Consider the following:

type family F a b
type instance F x   x = Int
type instance F [x] x = Bool

type family G
type instance G = [G]

Here, G is a nullary type family, but its nullariness is just for convenience -- no peculiarity of nullary type families is involved.

These declarations compile just fine in GHC 7.6.3 (with -XUndecidableInstances), and on the surface, this seems OK. After all, the two instances of F cannot unify. Thus, no usage site of F can be ambiguous, right? Wrong. Consider F G G. We might simplify this to Int, using the first instance, or we might first simplify to F [G] G and then to Bool. Yuck!

I (Richard/goldfire) have tried to use this inconsistency to cause a seg fault, but after a few hours, I was unable to do so. However, my inability to do so seems more closely related to the fact the type families are strict than anything more fundamental.

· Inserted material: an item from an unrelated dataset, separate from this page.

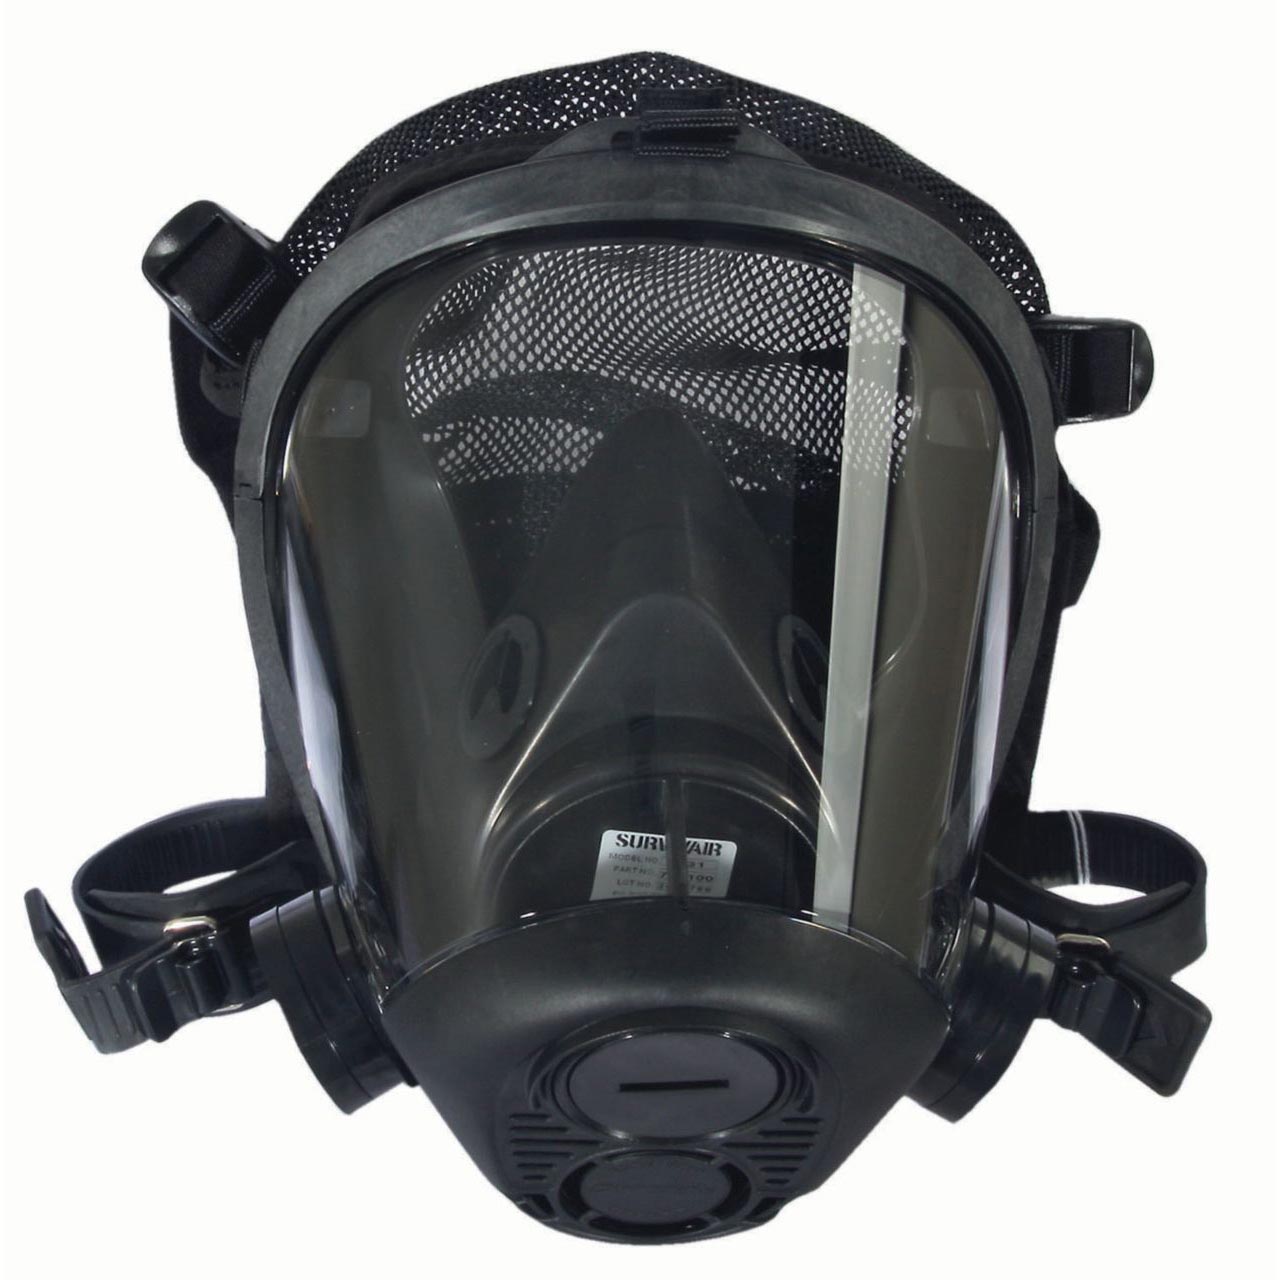 Honeywell Survivair Opti-Fit Tactical Gas Mask Facepiece with Mesh Headnet, Medium

It's worth noting that -XUndecidableInstances is necessary to exploit this problem. However, we still want -XUndecidableInstances programs to be type-safe (as long as GHC terminates).

The Solution

We need to consider the two instances of F to be overlapping and inadmissible. There are a handful of ways to do this, but the best seems to be this: when performing the overlap check, check a version of the instance where all variables are distinct. Using such a check, the two instances for F above indeed conflict.

This can break existing code. But, a medium-intensity search did not find any uses of non-linear (i.e. with a repeated variable) family instances in existing code, so I think we should be OK. However, a change needs to be made -- the current system is subtly broken and has been so for years.

(Interestingly, proofs of the soundness of the existing system have been published. For example, see here and here.